United Way South Africa (UWSA), the non-profit organisation that unites companies and individuals for a common cause, partnered with a number of global multi-national corporations, and the Western Province Rugby Football Union (WPRFU), to provide 1 000 COVID-19 relief food packs to vulnerable Cape Town communities.

The initiative received generous donations to the value of R5.3million ($315 000) and countless hours volunteered by the DHL Stormers and local rugby clubs. This enabled UWSA to expand its national footprint, directly impacting 5 000 households and amounting to 30 000 people, in Cape Town’s impoverished townships over a single weekend.
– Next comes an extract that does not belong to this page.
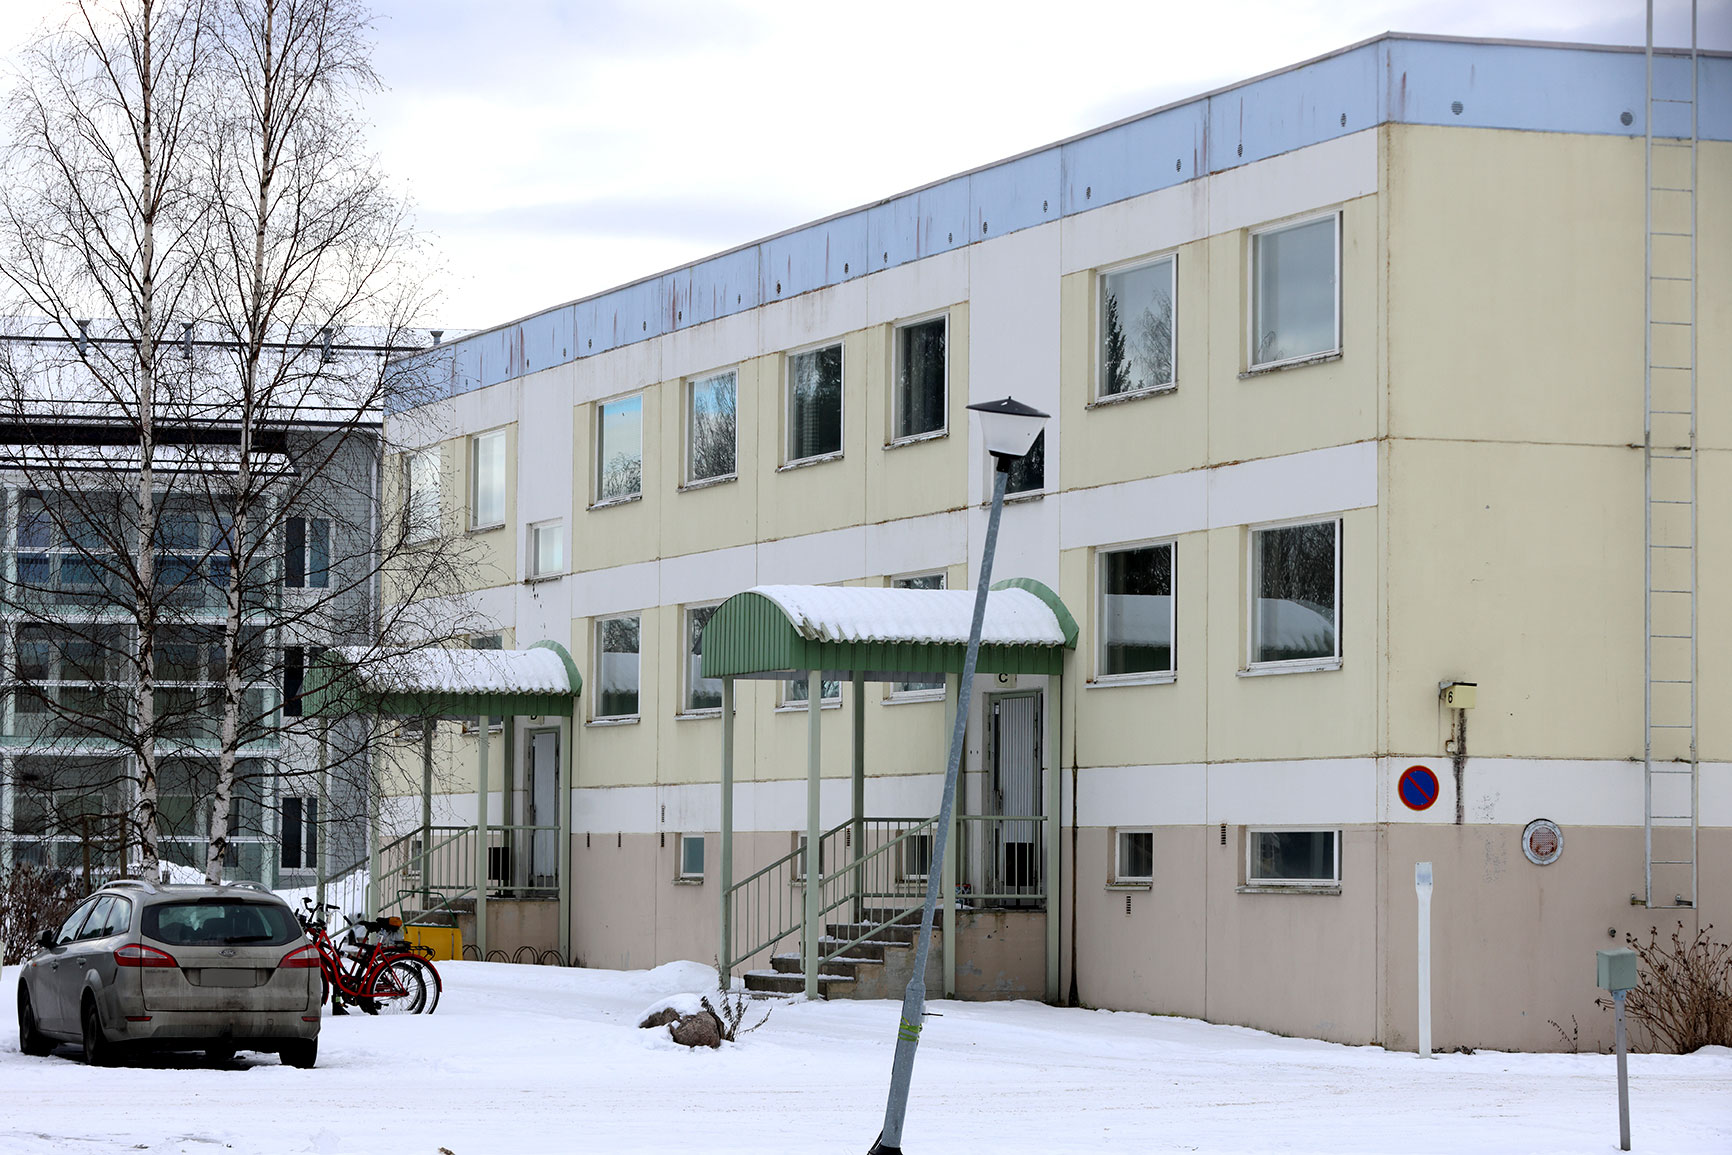 Kiinteistöosakeyhtiö Taloherttua purkaa yhden Kurvis-Höllin tiellä sijaitsevista vuokrakerrostaloistaan. Näillä näkymin purkaminen toteutuu alkusyksystä. Kuva: Jouni Valkeeniemi
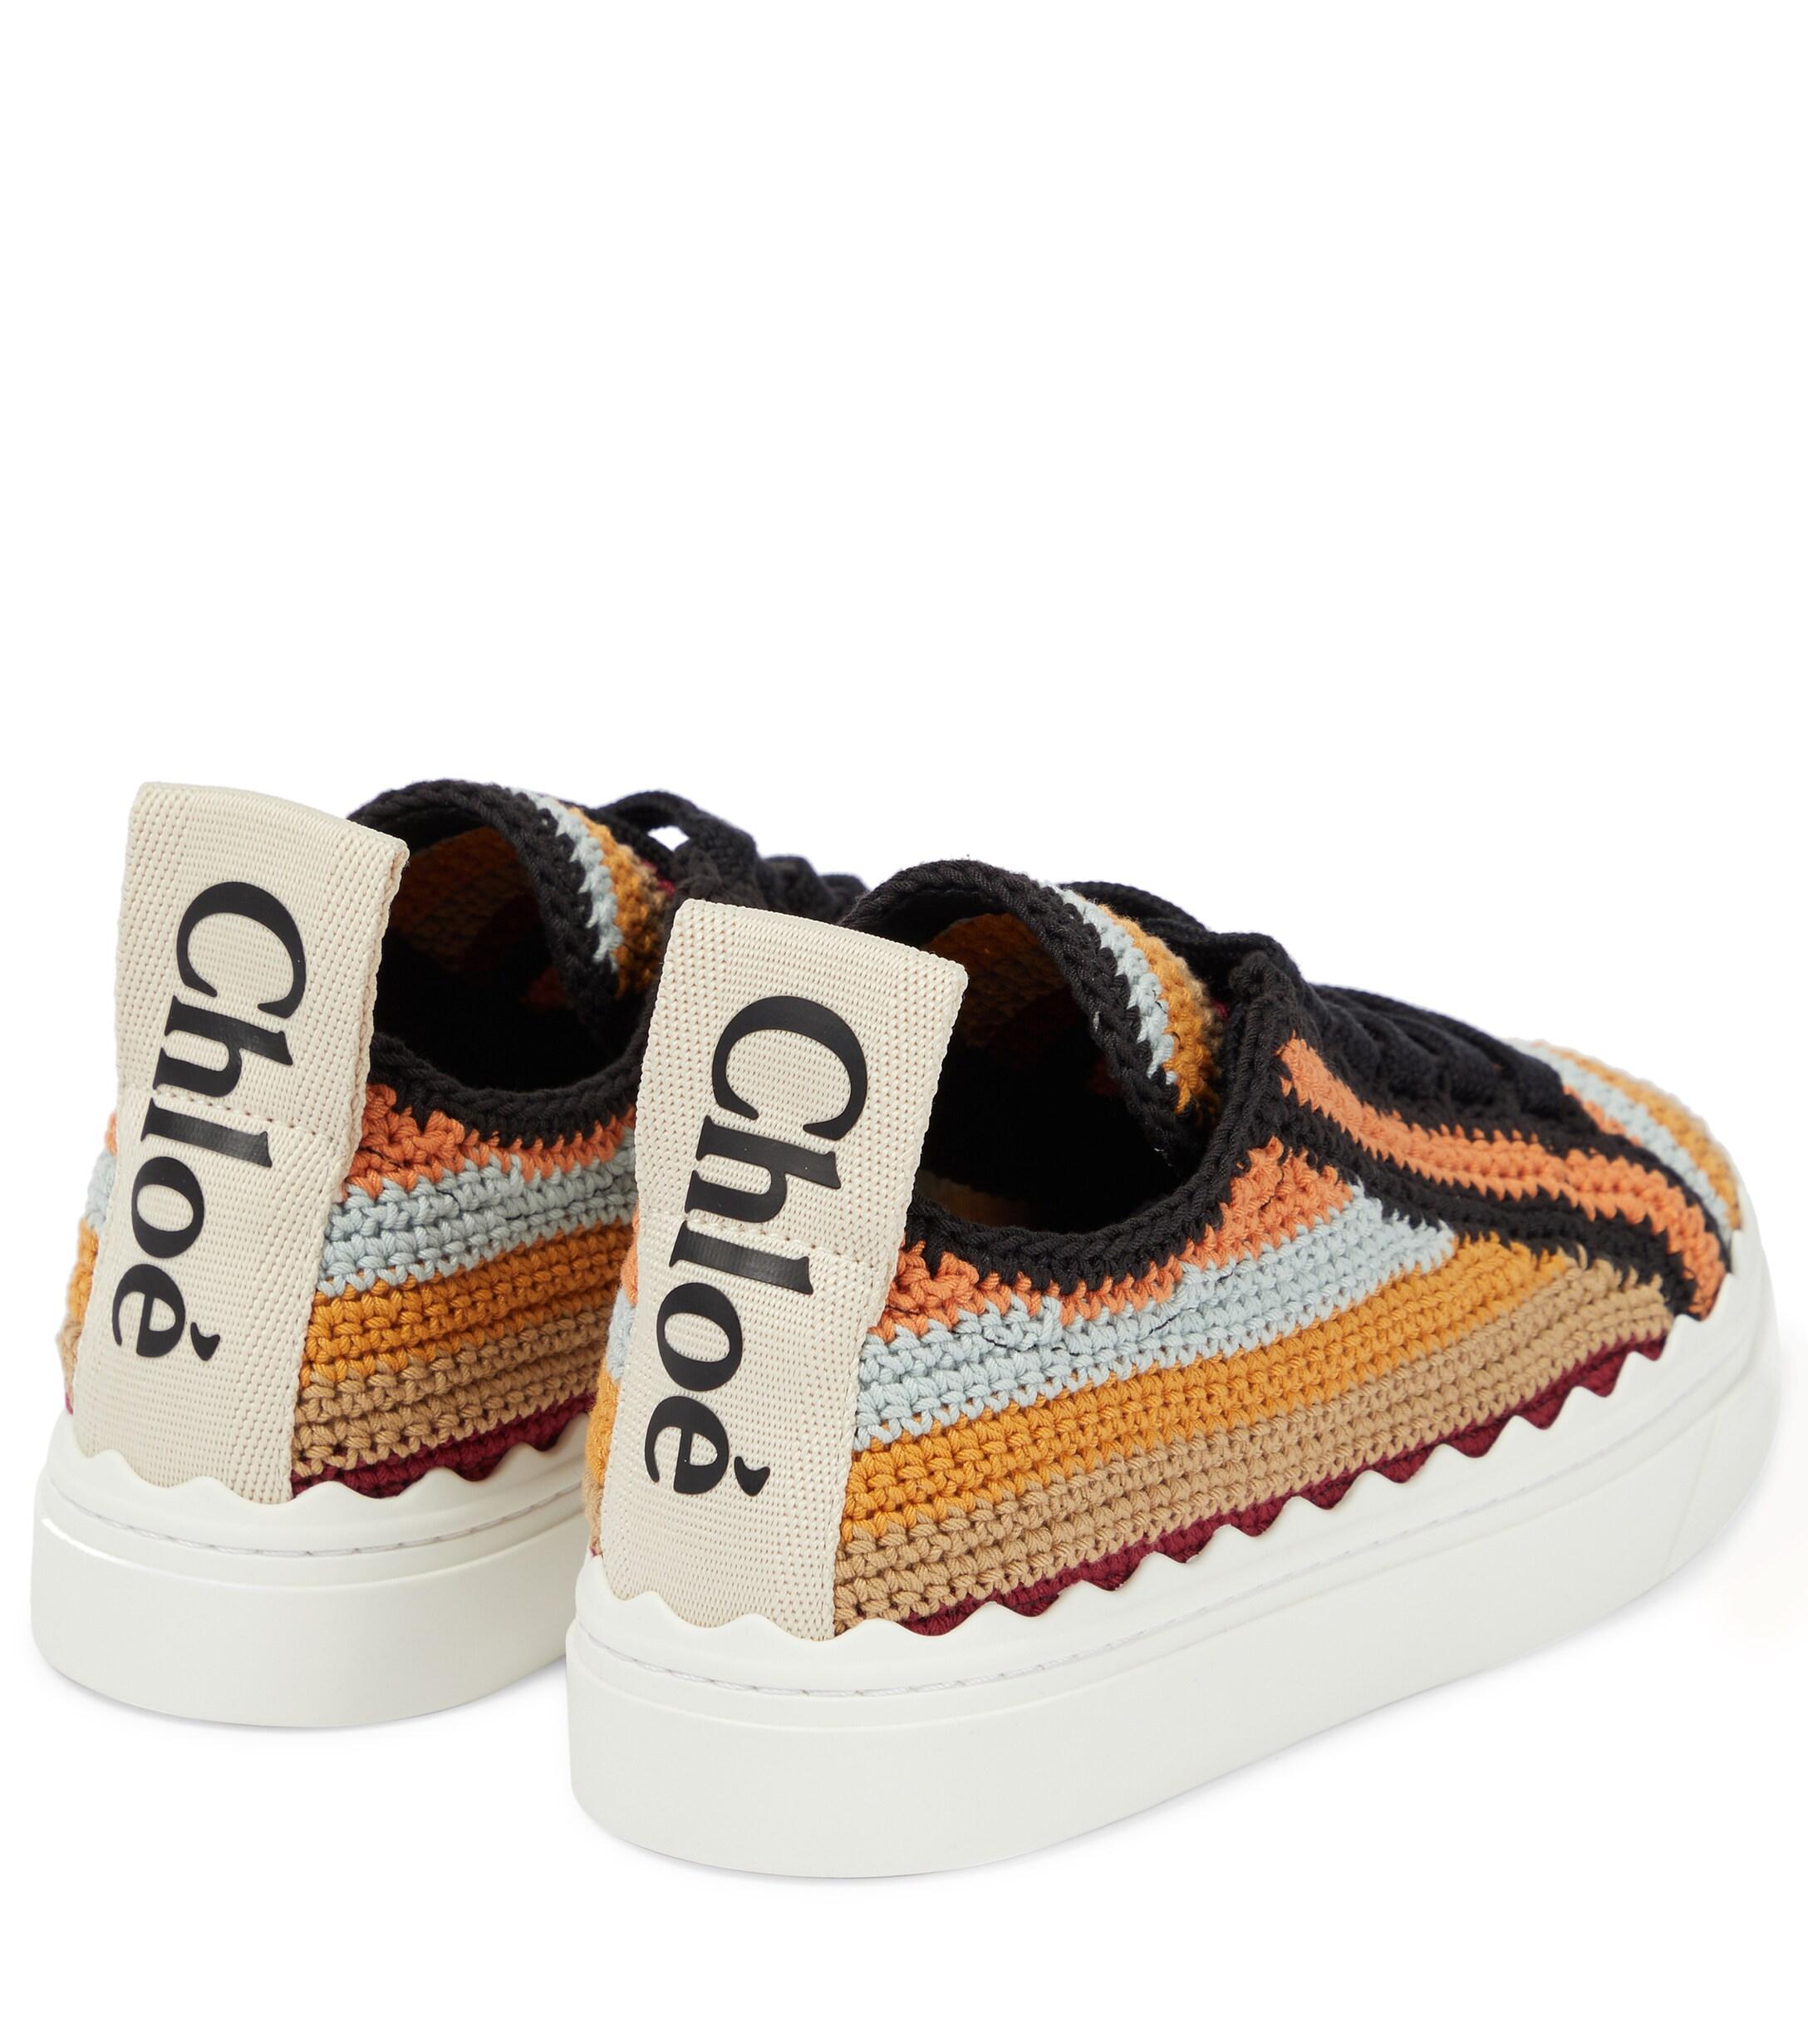 Chloé Chloe Lauren Crocheted Sneakers - Save 30% | Lyst

“We’re fortunate to have received the amount of funding that we did, which, together with the amazing volunteers from WPRFU, enabled us to make a sustainable impact in the communities such as Elsies Rivier and migrants who came to Project 21 Church in Wynberg. The Coaches from the 102 Rugby Training Community Clubs collected and distributed to their most vulnerable families across Cape Town. ” said Lynda Bleazard, United Way South Africa’s Executive Director.

The non-profit organisation received donations from various multi-national corporations, including 3M, Cummins and Dell as well as Durapi, Sony Television and United Way Worldwide. These efforts contributed to the distribution of relief packs to the most vulnerable in the Cape Town communities, including migrants who have been unable to access government grants and local female rugby players from underserved areas who couldn’t afford hygiene products.

Each pack contained groceries and hygiene products to feed and sustain a minimum of six people per family for an entire month, helping them survive this tough period and restore their dignity. Players from local rugby clubs were also encouraged to identify 50 families each that were in need, within their communities, and provide them with food hampers.

In addition to partnering with UWSA, the WPRFU also supports 102 clubs in the Cape Flats. The union’s goal is to bring the youth together so that they can get a meal and learn to play a sport.

Identifying this as an opportunity to extend its impact, UWSA is now focused on providing holistic school bursaries to the talented youth who play in the WPRFU’s community-based rugby clubs. The bursary initiative aims to take the children out of the township and place them in a space where they don’t have to worry about food, transport, clothing or education.

These children can then volunteer to become ambassadors for UWSA and make a change by going back into their communities and giving hope to families and individuals.

“By living united, we can facilitate sustainable change, where the children that we lift out of poverty can then go back and lift their families out of poverty and so the whole community benefits,” adds Bleazard. “United Way believes very strongly in living united for a purpose, and that no one is beneath or above anyone else.”

United Way South Africa intends on sustaining the impact it has made by revisiting communities and engaging with locals on the ground to find out what can be done to create lasting change. The non-profit organisation aims to take a holistic approach going forward, one that incorporates mental wellness programmes and enterprise development to help community members gain access to quality education, overcome the stresses they’re faced with and find jobs that will lift them out of poverty. This approach will involve tapping into United Way’s education, enterprise and health programmes, which have been making an impacting in communities throughout the country since 2013.